There are even code points like U+FDFD (๏ทฝ) which are often rendered multiple columns wide. In fact, in my monospace font in my text editor, that character is rendered almost 12 columns wide. Yes, โalmostโ, subsequent characters get offset a tiny bit. I donโt know why.

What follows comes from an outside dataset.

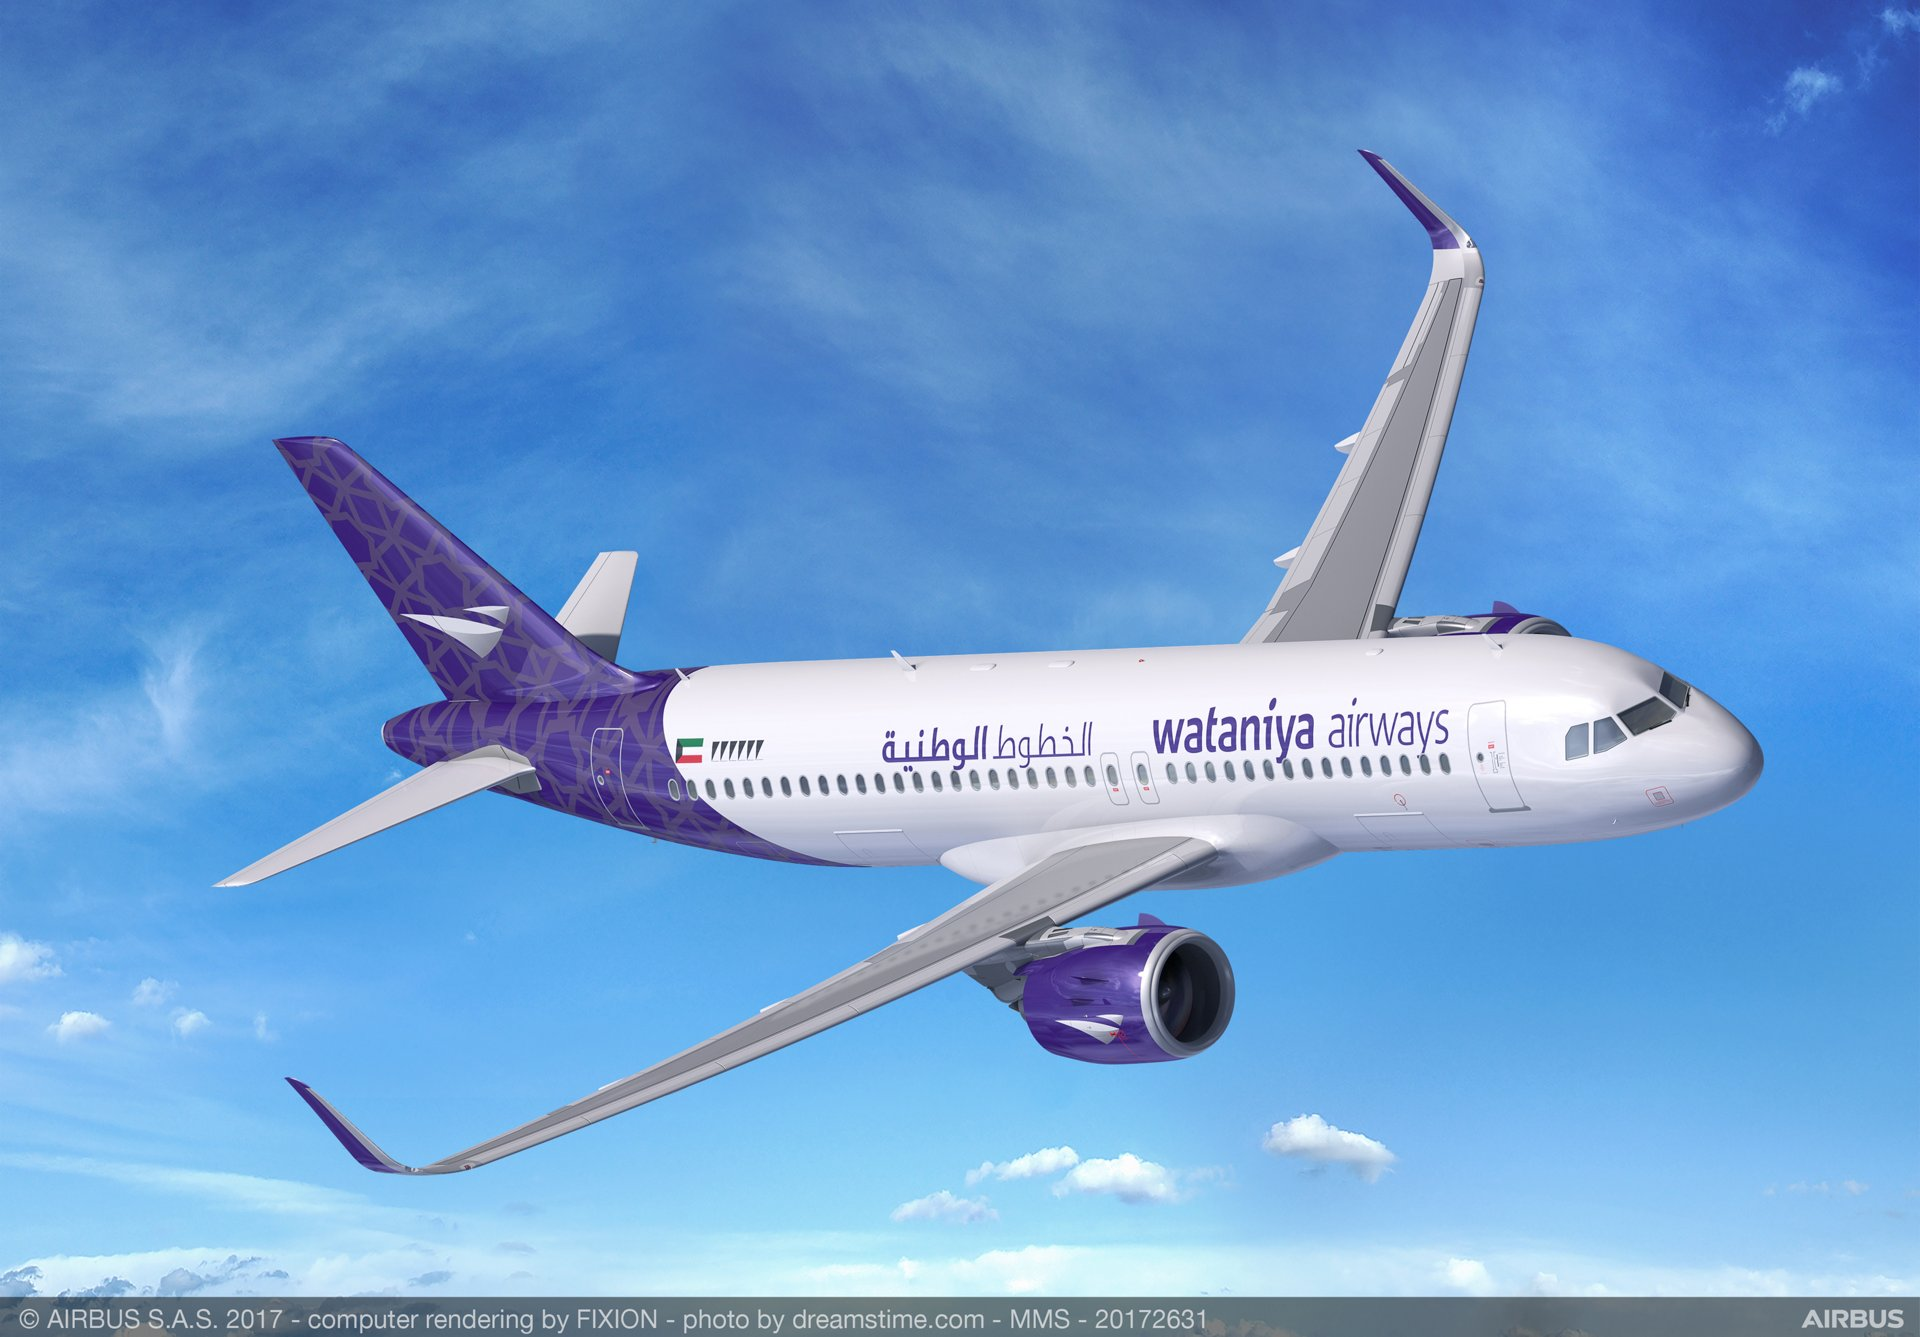 Wataniya Airways to add 25 A320neo Family aircraft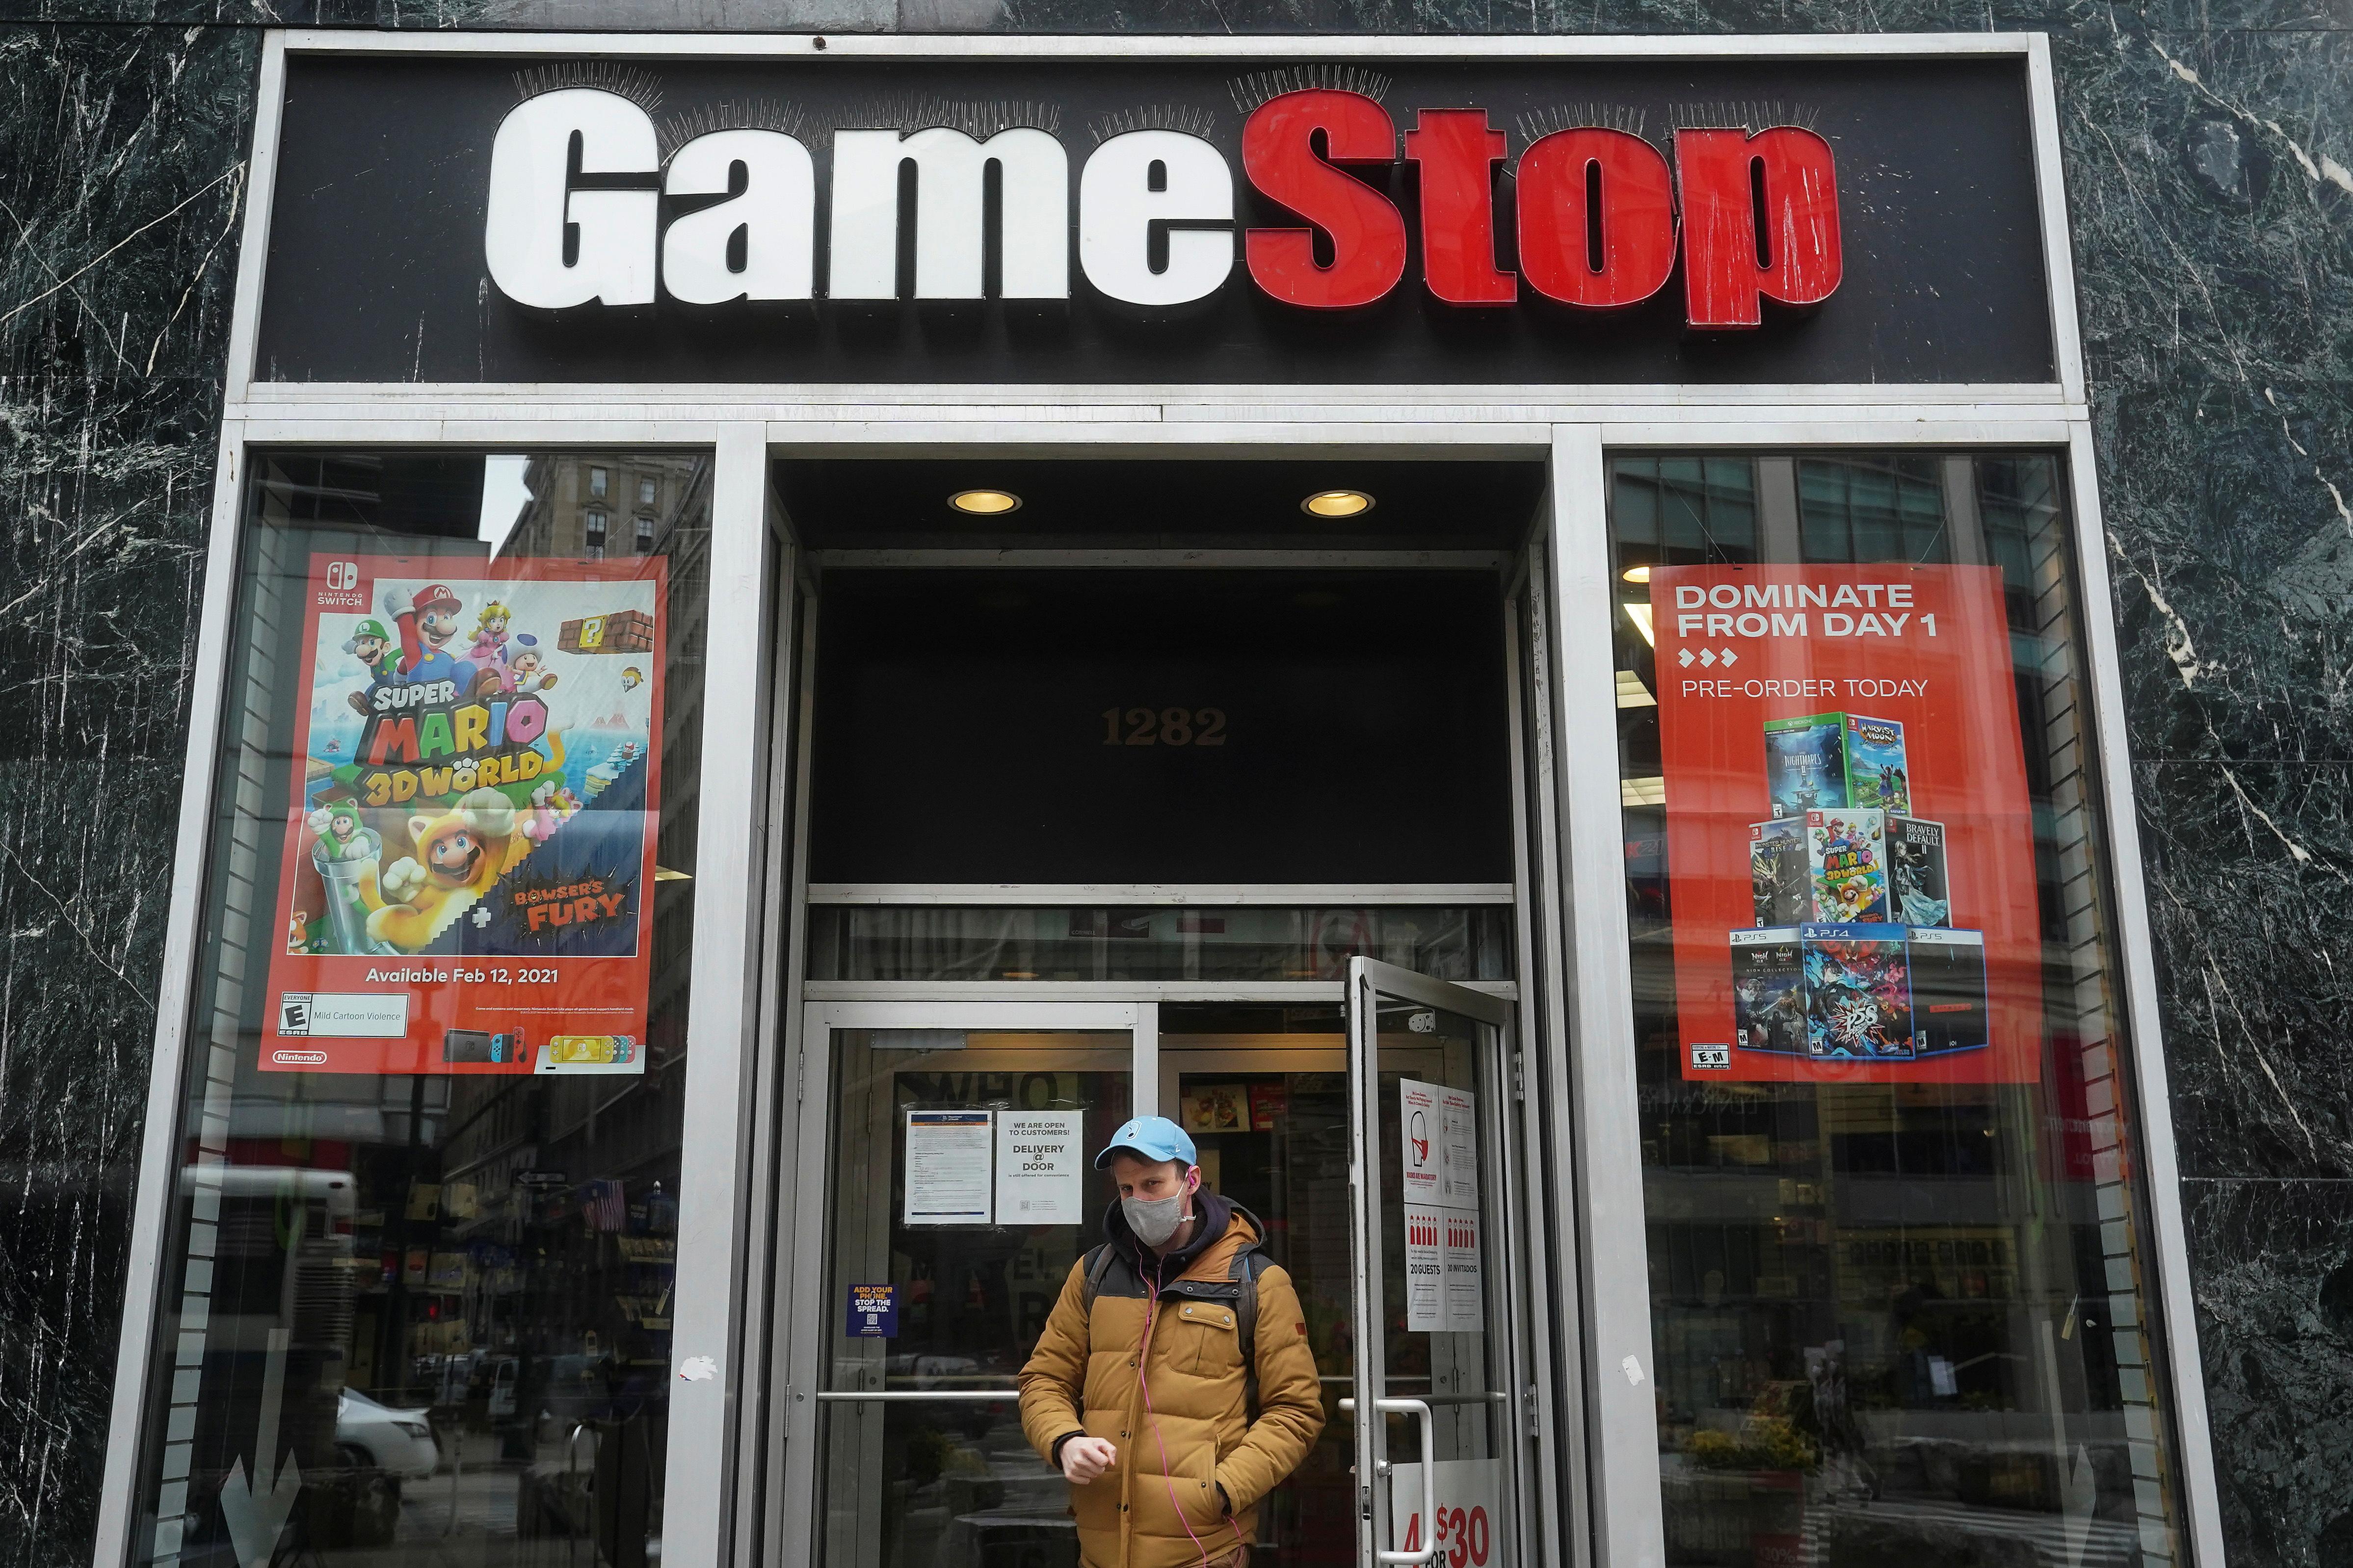 A GameStop is pictured amid the coronavirus disease (COVID-19) pandemic in the Manhattan borough of New York City, New York, U.S., January 27, 2021. REUTERS/Carlo Allegri

I do have this list of scripts I mentally check against whenever I'm reasoning about Unicode:
Arabic or Hebrew for RTL and beginning/medial/end forms (arabic also has "isolated" forms) Arabic for ligatureyness/glyph complexity Some Indic script for ligatureyness/glyph complexity, and massive use of combining characters, including the double-ended virama combiner. Infinite length combining sequences. Korean (Hangul) for the combining jamo system. Infinite length combining sequences (though these are never displayed beyond standard Korean syllable blocks, so it's less important) Han scripts for variation selectors, halfwidth/fullwidth, and language disambiguation troubles. Also omg so many glyphs. If dealing with displaying text, think of a Han script and Mongolian, which are written in different directions (vertical, sideways, etc) Thai or other scripts from that peninsula (not counting Vietnamese scripts), because they don't use spaces to break words. Emoji because despite the immense complexity of human language, Emoji still managed to get a bunch of special casing in various parts of the unicode spec. Infinite length combining sequences. Latin for locale-dependent case operations (Turkish i, German ร)
Very nice article that shows clearly that the problem is Unicode itself.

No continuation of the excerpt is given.